### WORK ORDER:
When the listing below reaches the line that has "Tomando notas na reunião de negócios", start reproducing exactly; stop after the line that has "10 Rumah Mewah", and drop the pictures.

BEGIN INPUT

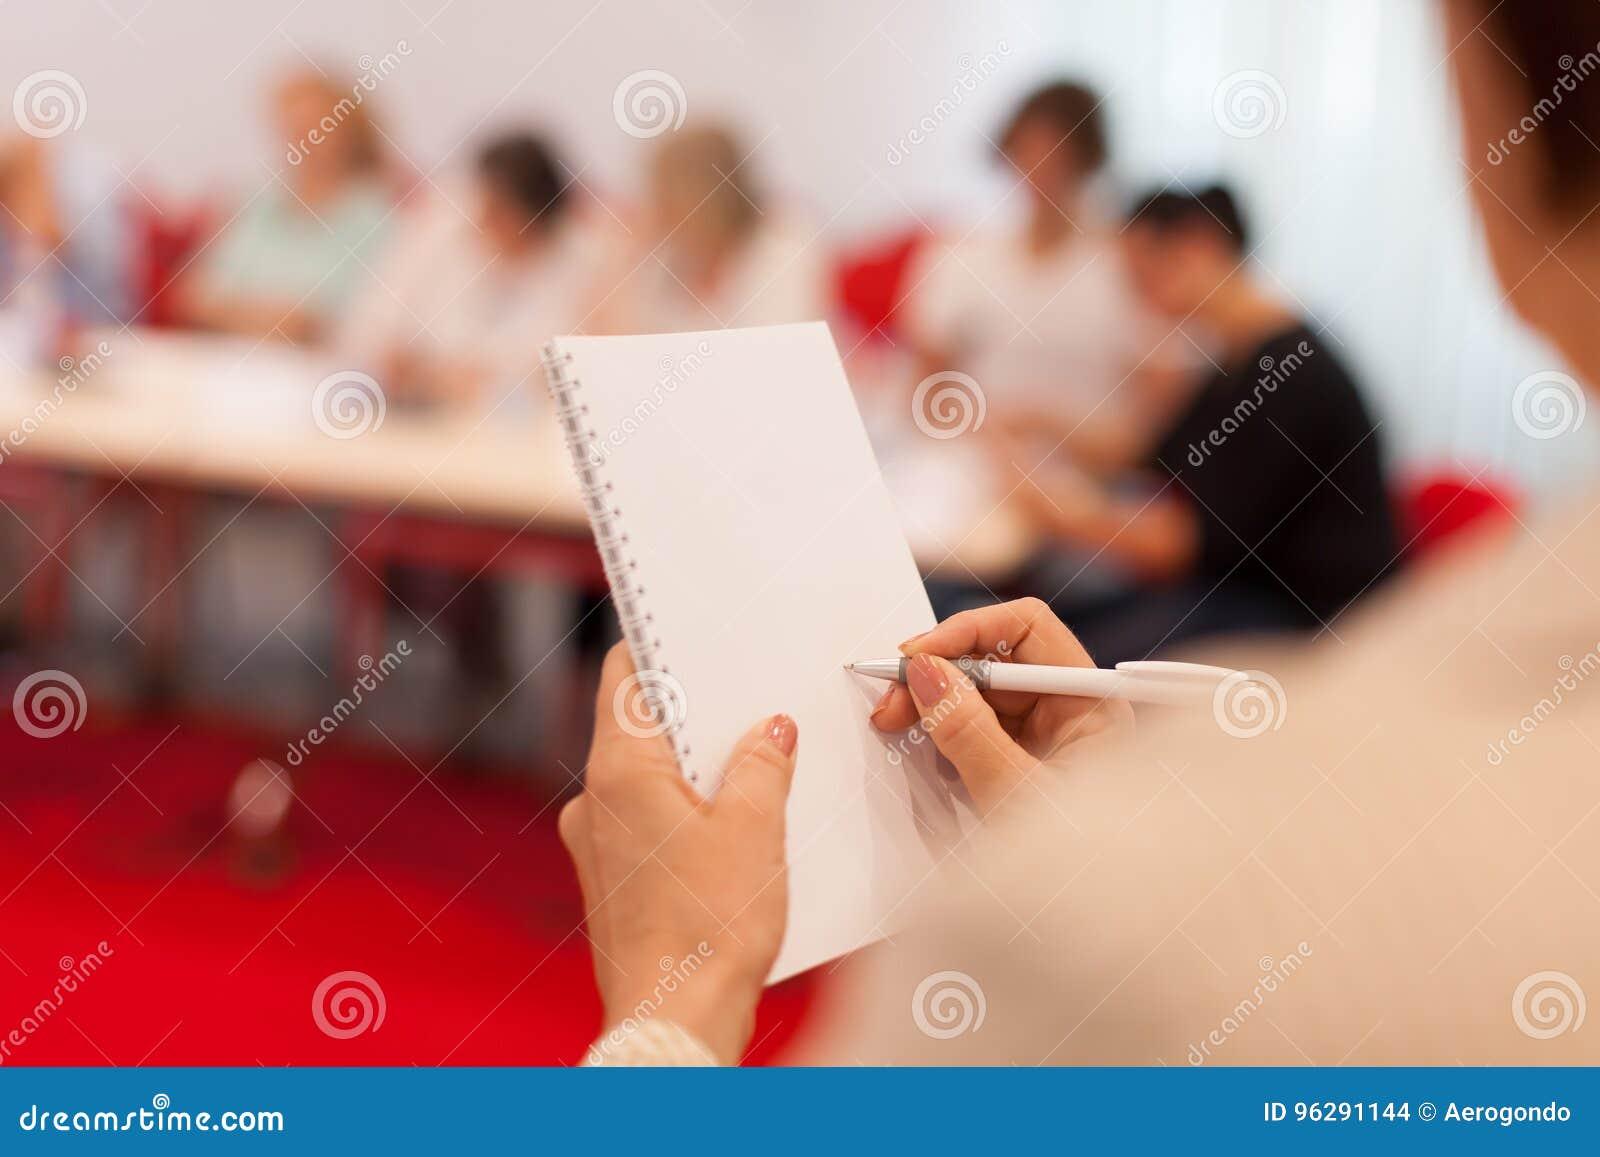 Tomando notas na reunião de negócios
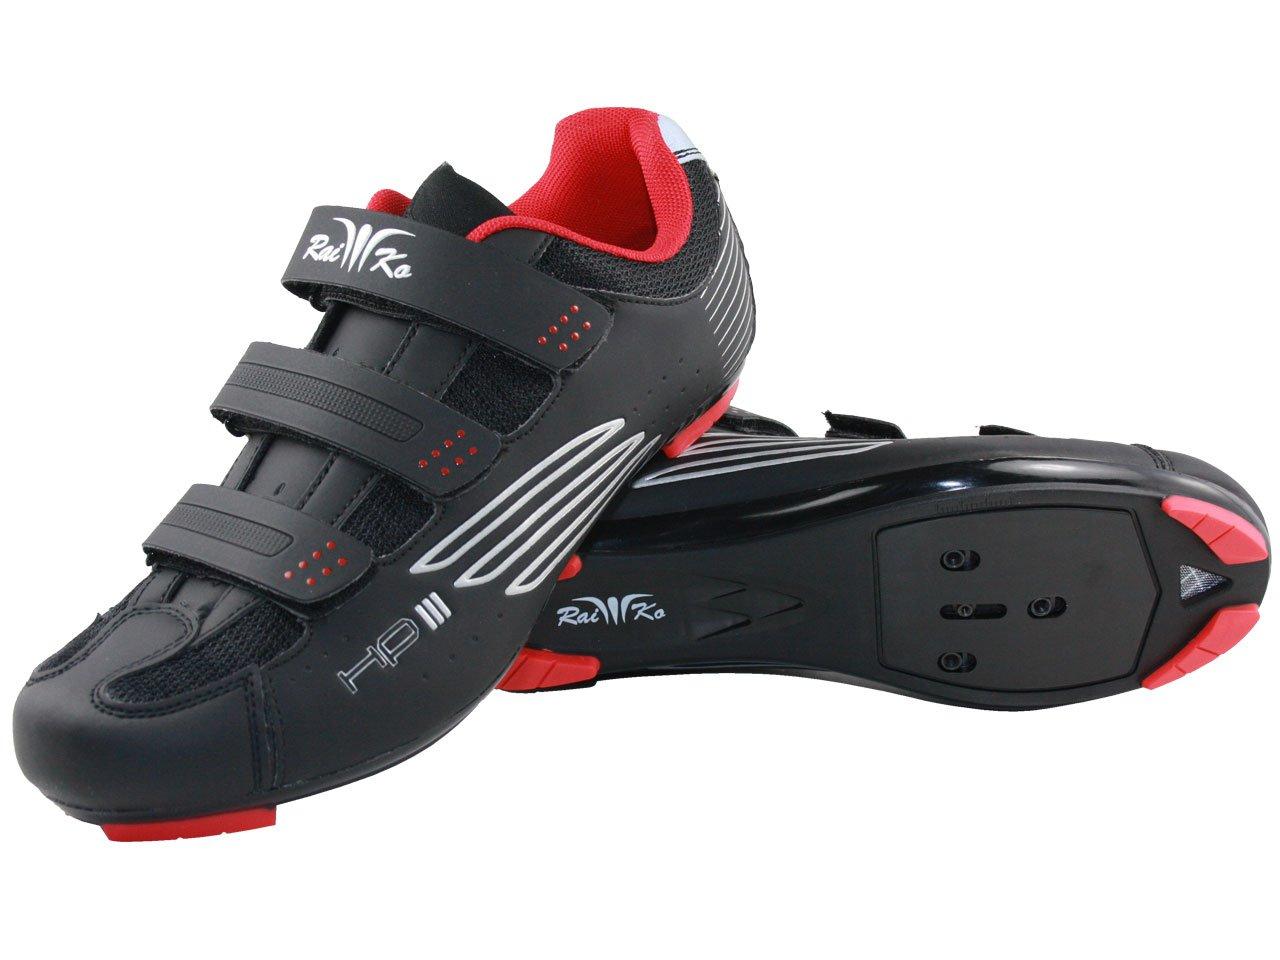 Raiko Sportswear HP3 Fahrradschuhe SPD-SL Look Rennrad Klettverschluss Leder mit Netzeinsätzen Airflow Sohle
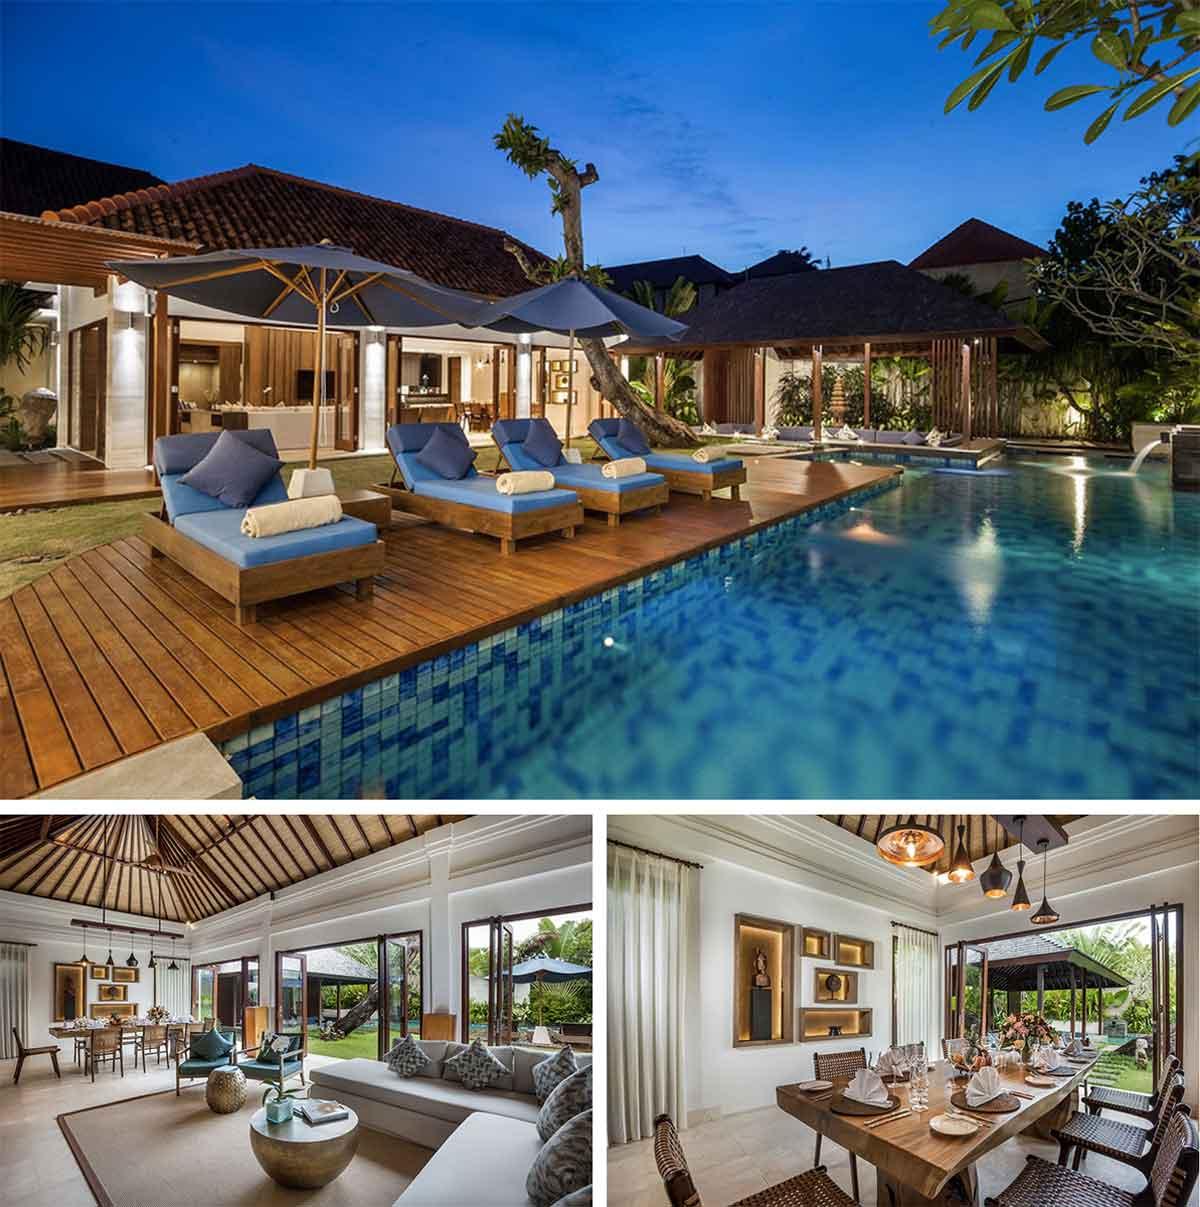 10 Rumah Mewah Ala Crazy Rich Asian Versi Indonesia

END INPUT
BEGIN INPUT

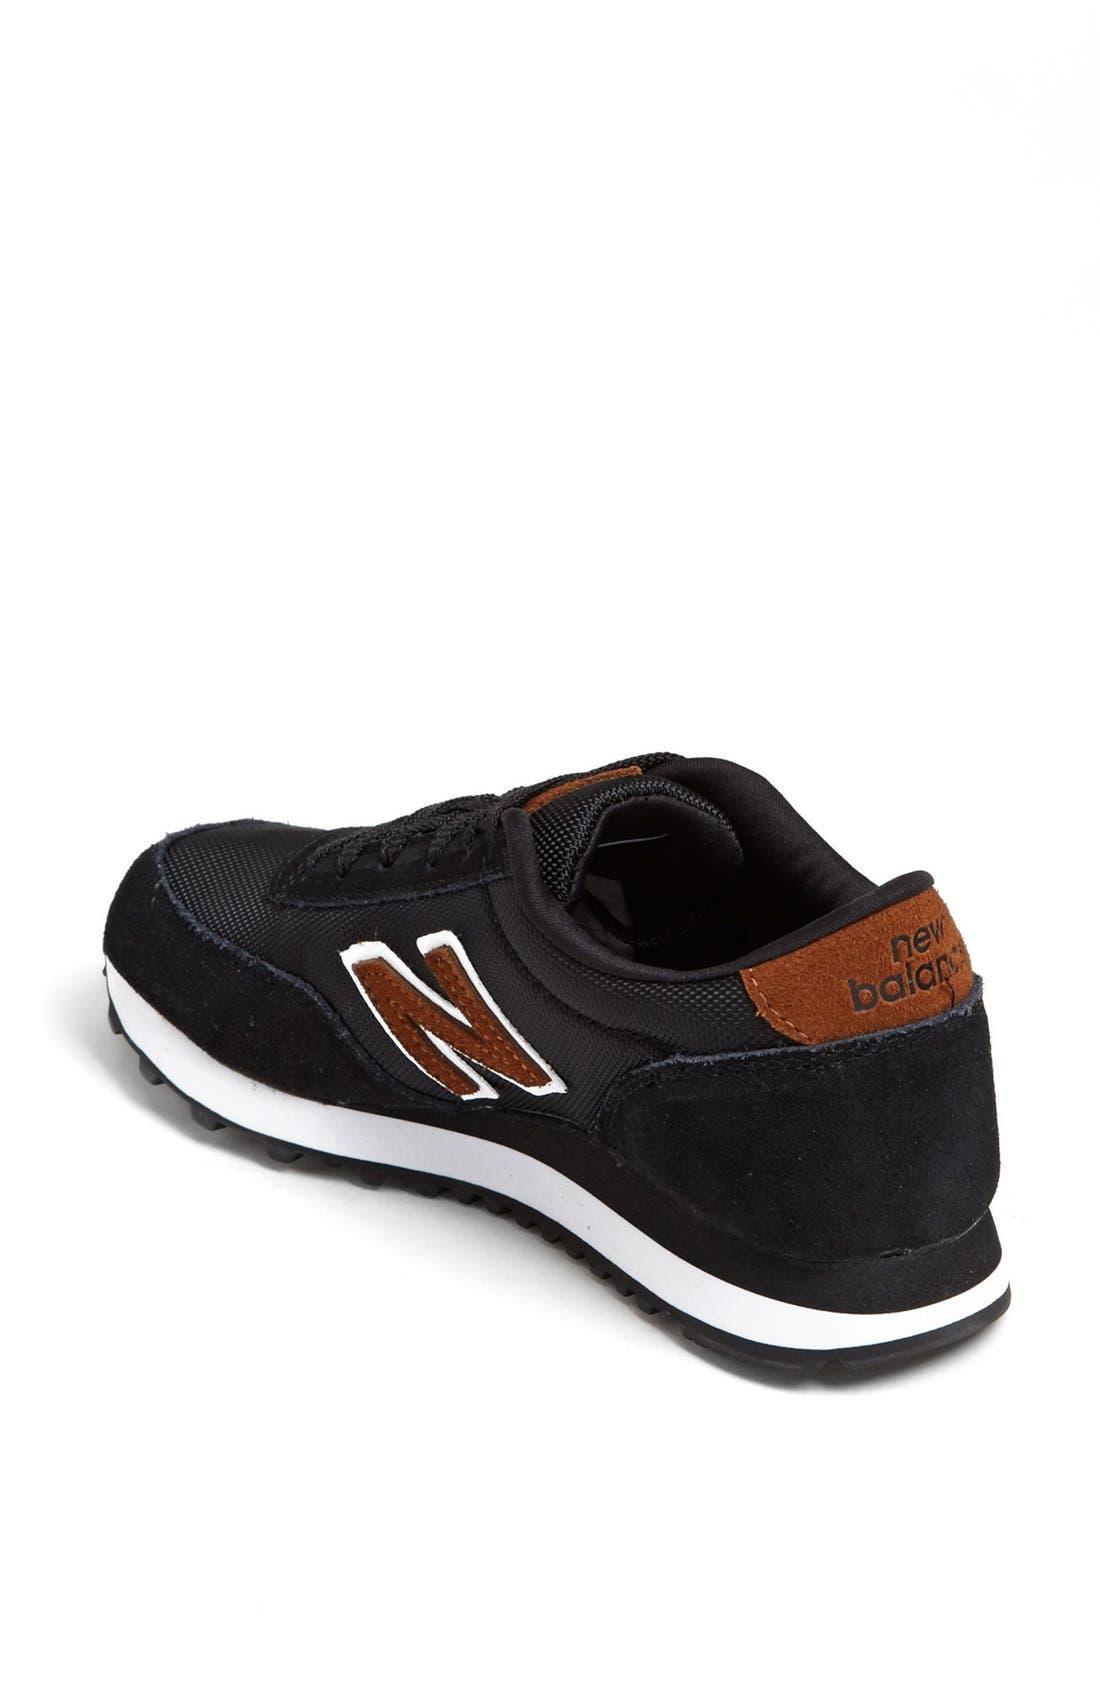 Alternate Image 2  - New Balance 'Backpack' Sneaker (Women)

END INPUT

### YOUR SOLUTION:
 Tomando notas na reunião de negócios
 Raiko Sportswear HP3 Fahrradschuhe SPD-SL Look Rennrad Klettverschluss Leder mit Netzeinsätzen Airflow Sohle
 10 Rumah Mewah Ala Crazy Rich Asian Versi Indonesia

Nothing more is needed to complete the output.